All the textures, all the varieties of blue in that wall of corrugated metal. Whether long shot, as above, or up close to the window (which in turn frames reflected skyscape).

The same blue on the adjacent wall, providing a sleek, smooth No Parking backdrop…

for bicycle parts that are definitely & definitively parked.

Another cultural excursion the following day — this one for Maximilien Brisson’s glorious creation, Scorrete lagrime mie, at St. Anselm’s Church on the UBC grounds.

The church sits right next to various trails into Pacific Spirit Regional Park and, post-concert, I am pulled onto the Salish Trail…

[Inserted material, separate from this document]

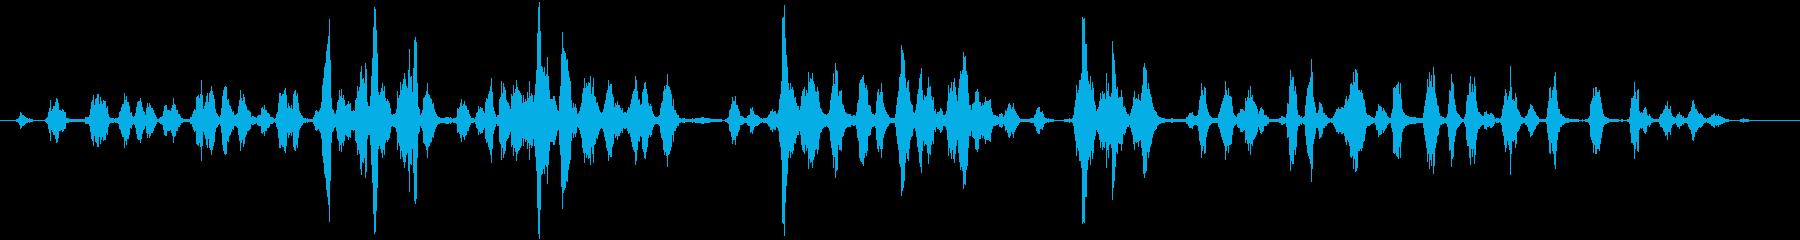 アウトドアドッグケンネル:ドッグバ...の再生済みの波形
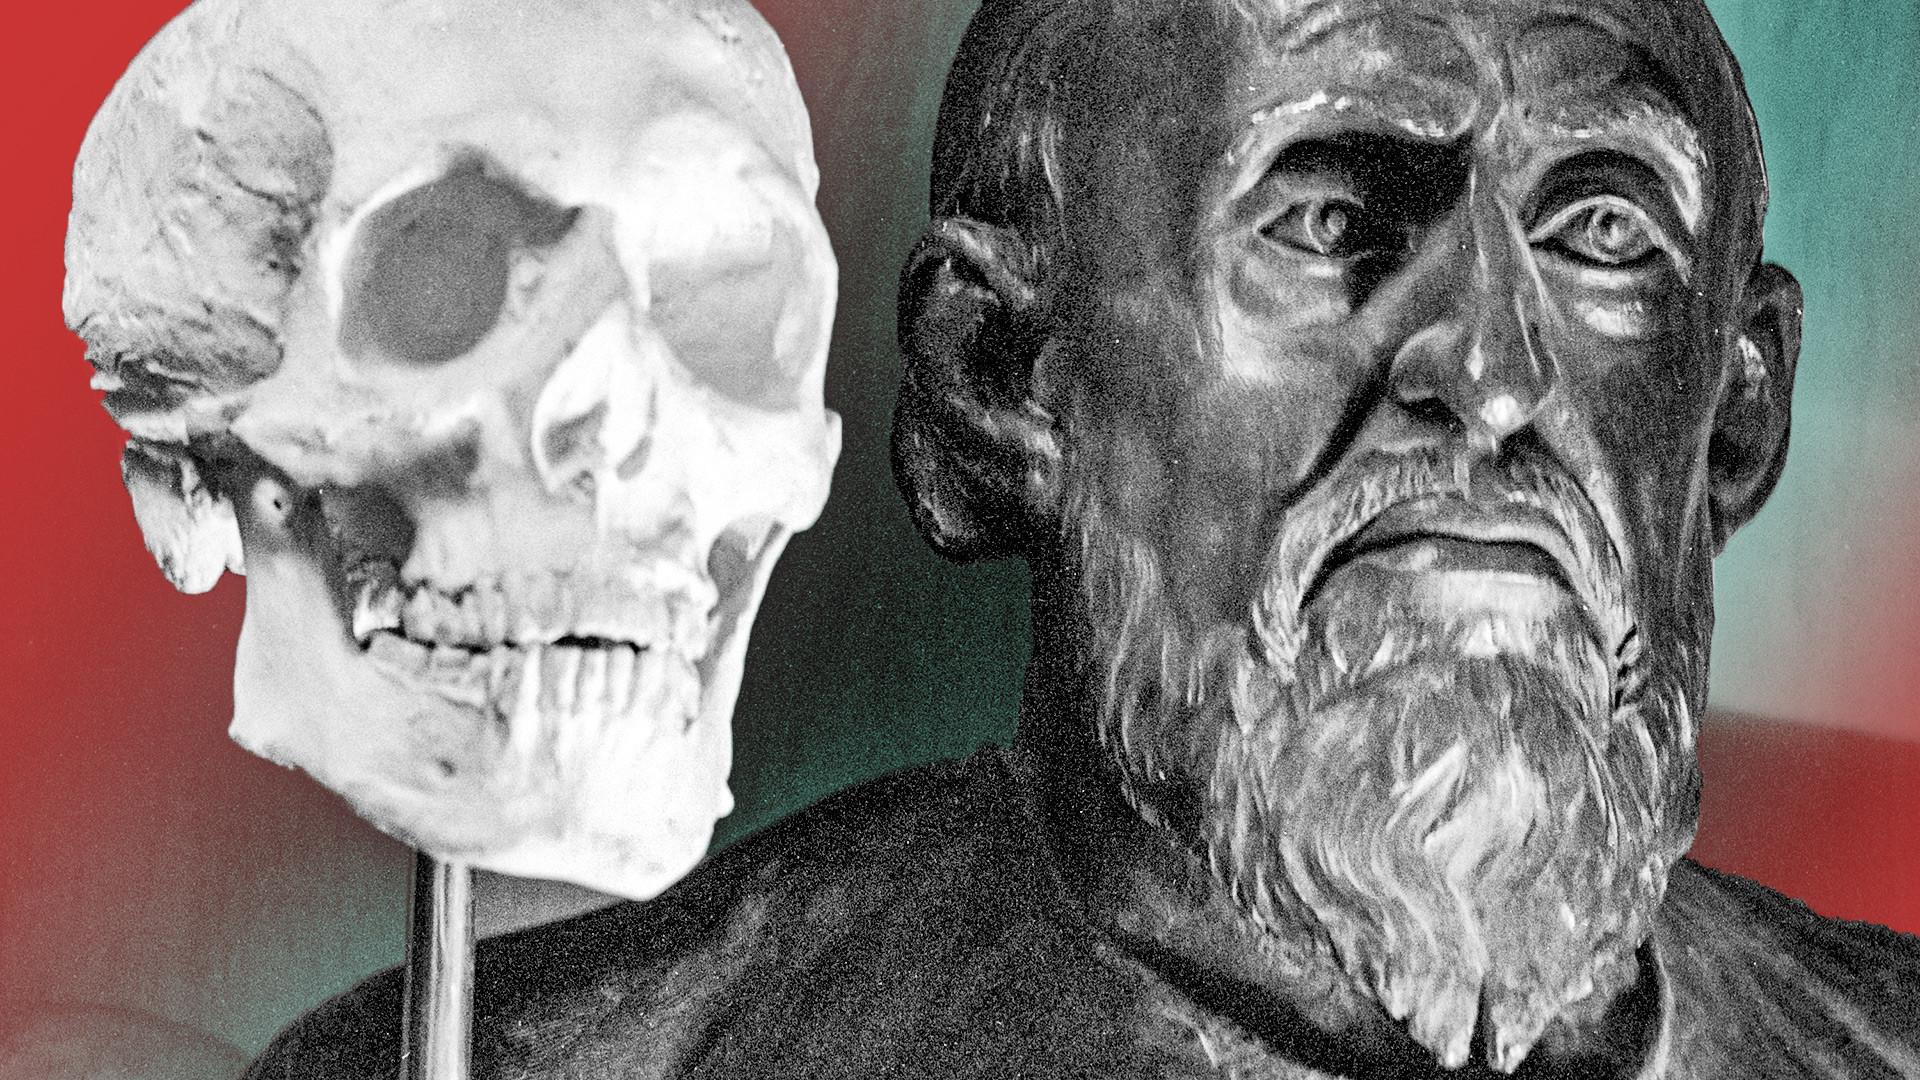 Главата на првиот руски цар Иван Грозни реконструирана според черепот со помош на стерометрија. Лабораторија за пластична антропологија.

by this sentinel tree, this doorman tree, imposing in his winter greatcoat of emerald velvet.

The trailscape unfolds around me.

Next up, an arched branch…

proving that left-over tassels of autumn red are just as striking as winter moss green.

To my left, farther away, another arched branch…

proving that (nyah nyah) you can have just as much impact, stark naked.

Round another bend in the trail, where first a ragged spire of ancient tree trunk…

and then a fresh-cut end of tree trunk…

prove that, in the bravura sweepstakes, red cedar always wins.

Back home, delighted with memories of both the concert and the trail, I open a text from a friend for yet another delight. It’s a skyscape photo to round off my collection…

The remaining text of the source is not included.